* [PROBLEM DETAILS]: Reproduce the listing below character for character; drop every image.

--- GIVEN DATA Enclosed Below ---

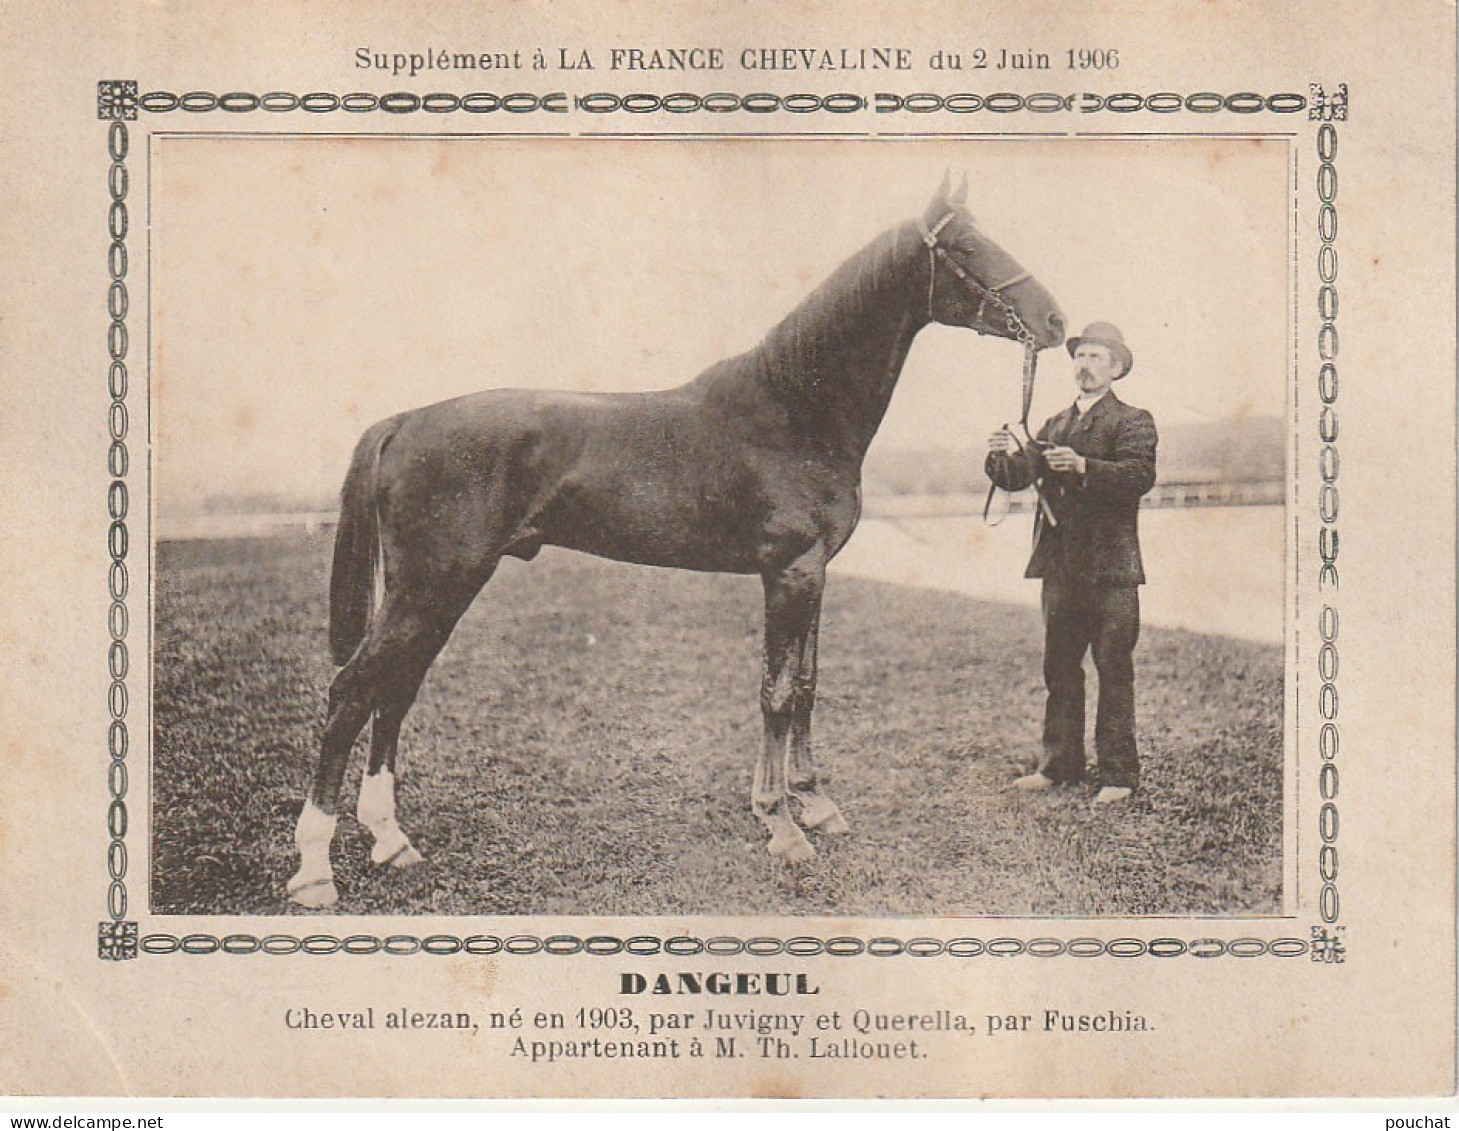 AA+ - " DANGEUL " - CHEVAL ALEZAN APPARTENANT A M. TH. LALLOUET - SUPPL. FRANCE CHEVALINE JUIN 1906 - Hípica
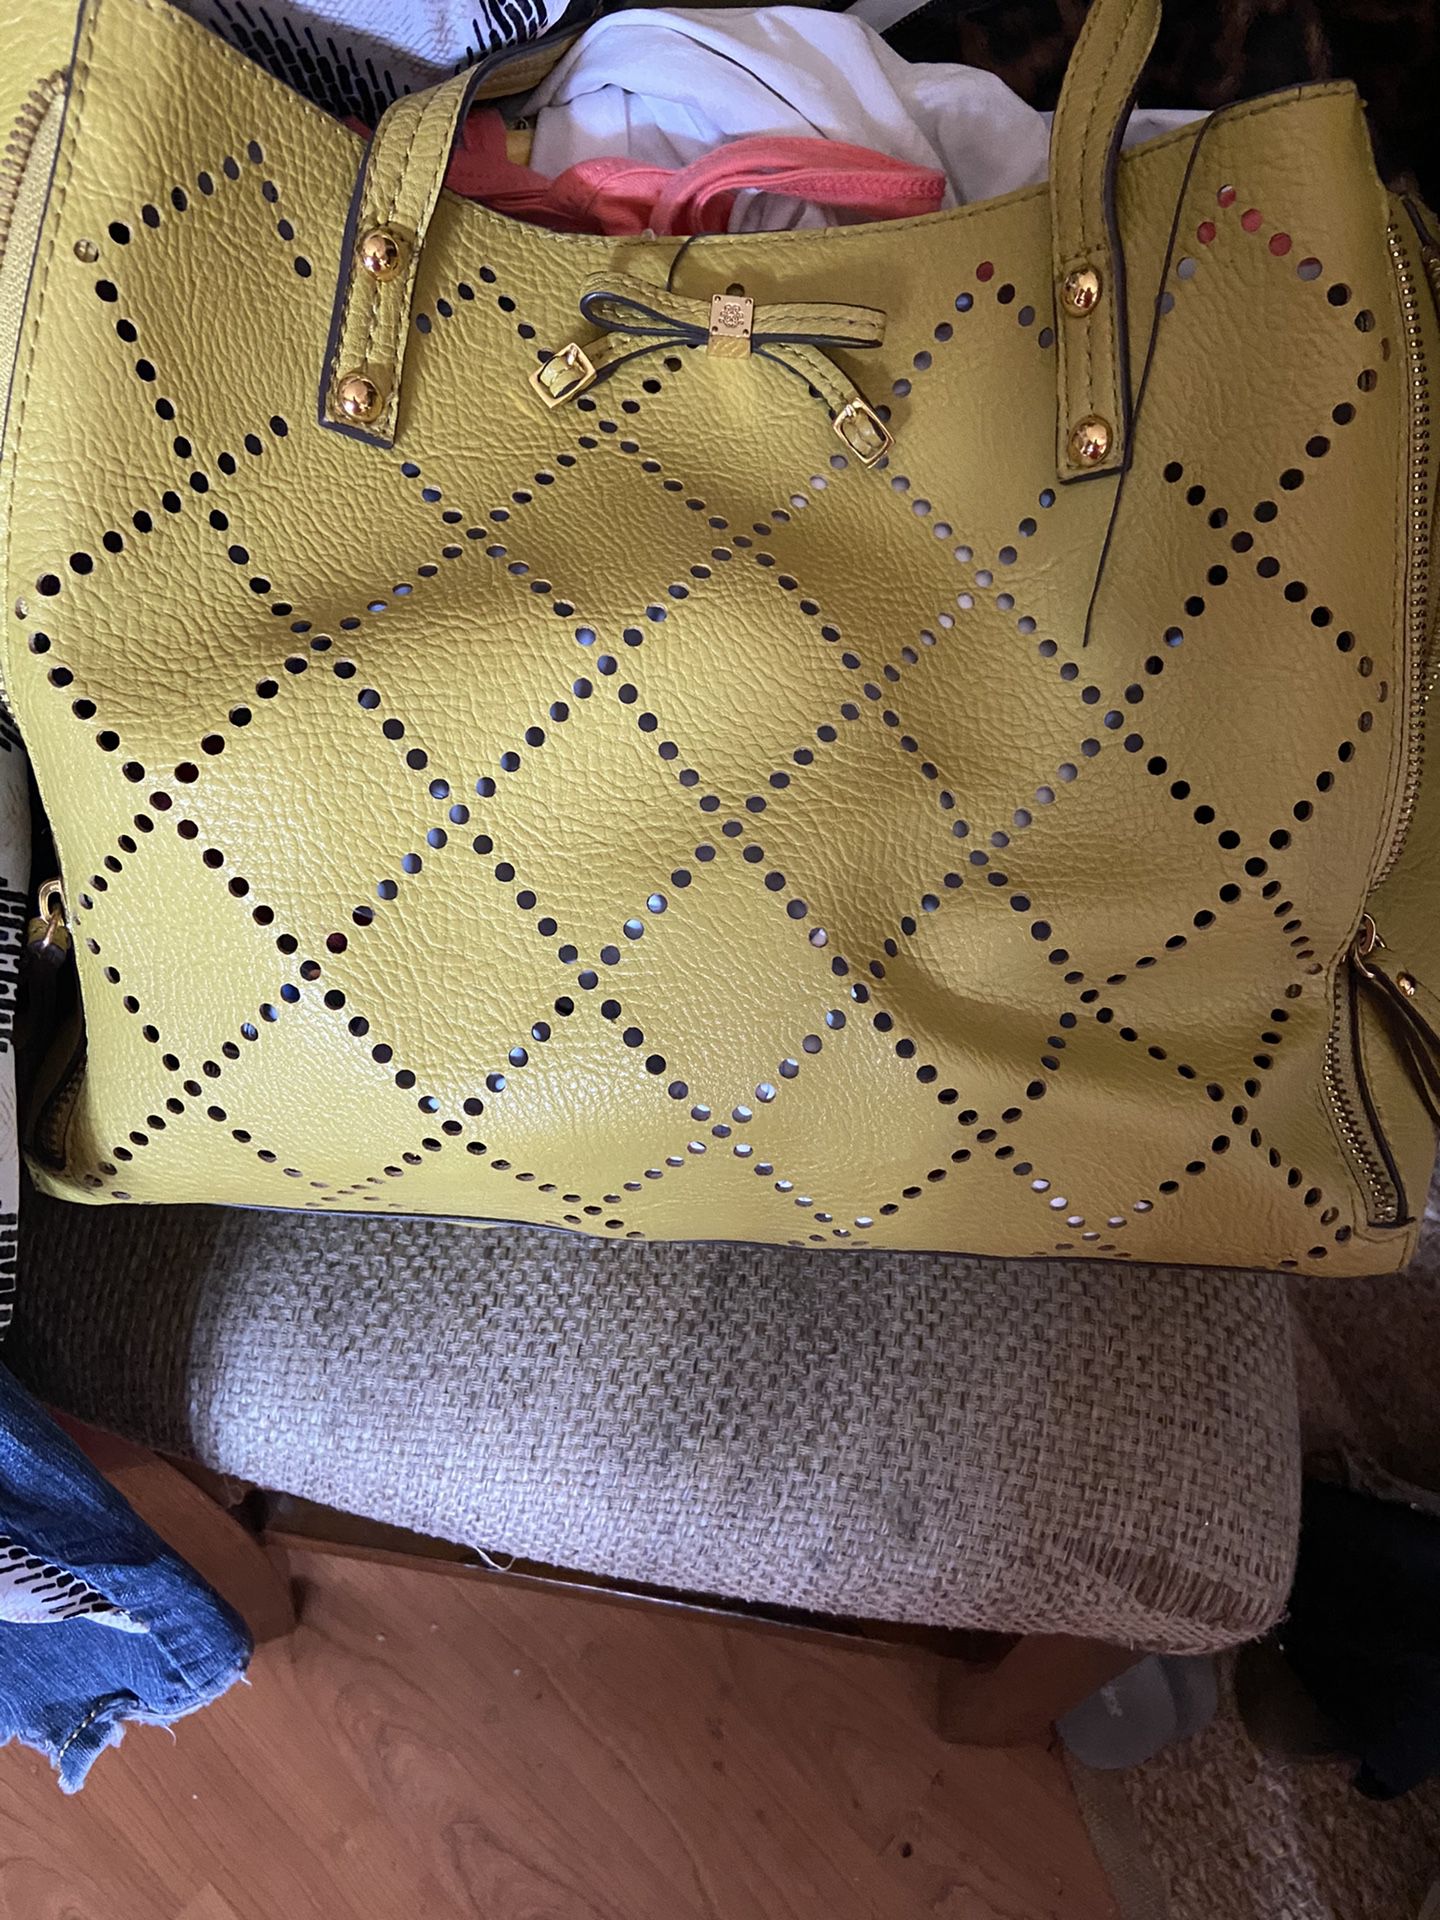 Jessica Simpson purse
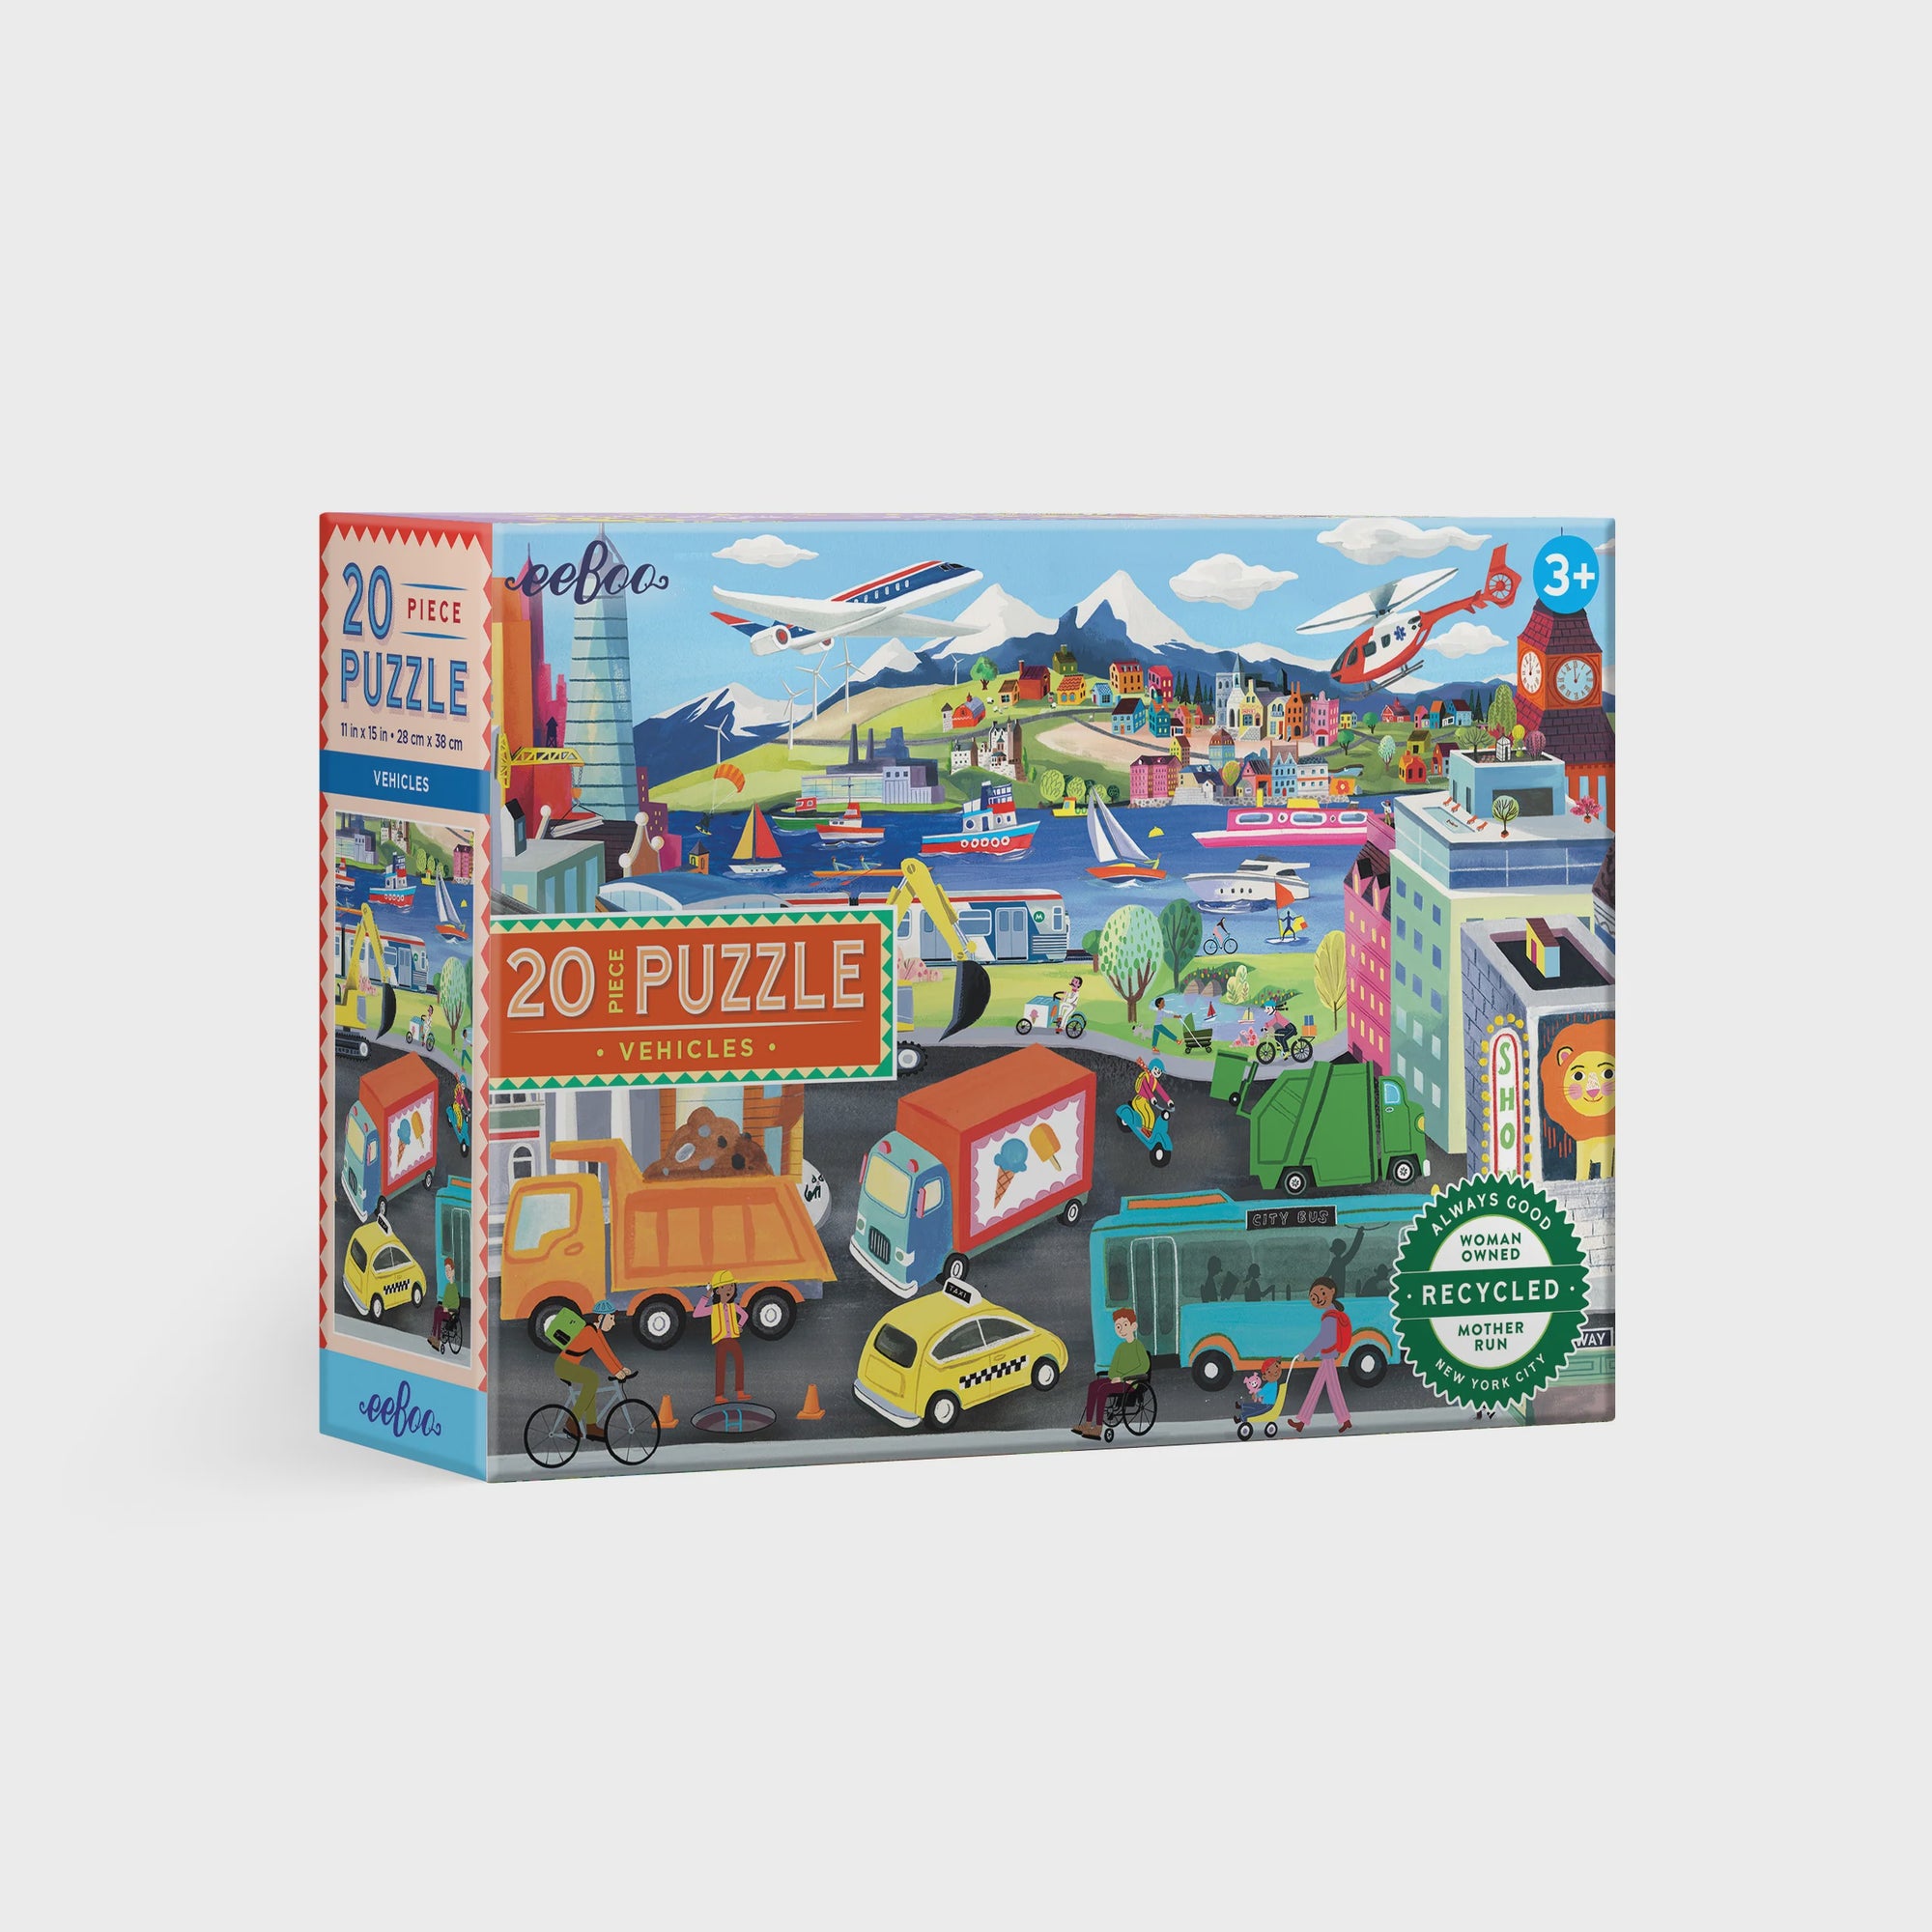 20 Piece Big Puzzle - Vehicles

--- End of Enclosed GIVEN DATA ---

* [COMPLETED TASK]:
 AA+ - " DANGEUL " - CHEVAL ALEZAN APPARTENANT A M. TH. LALLOUET - SUPPL. FRANCE CHEVALINE JUIN 1906 - Hípica
 Jessica Simpson purse
 20 Piece Big Puzzle - Vehicles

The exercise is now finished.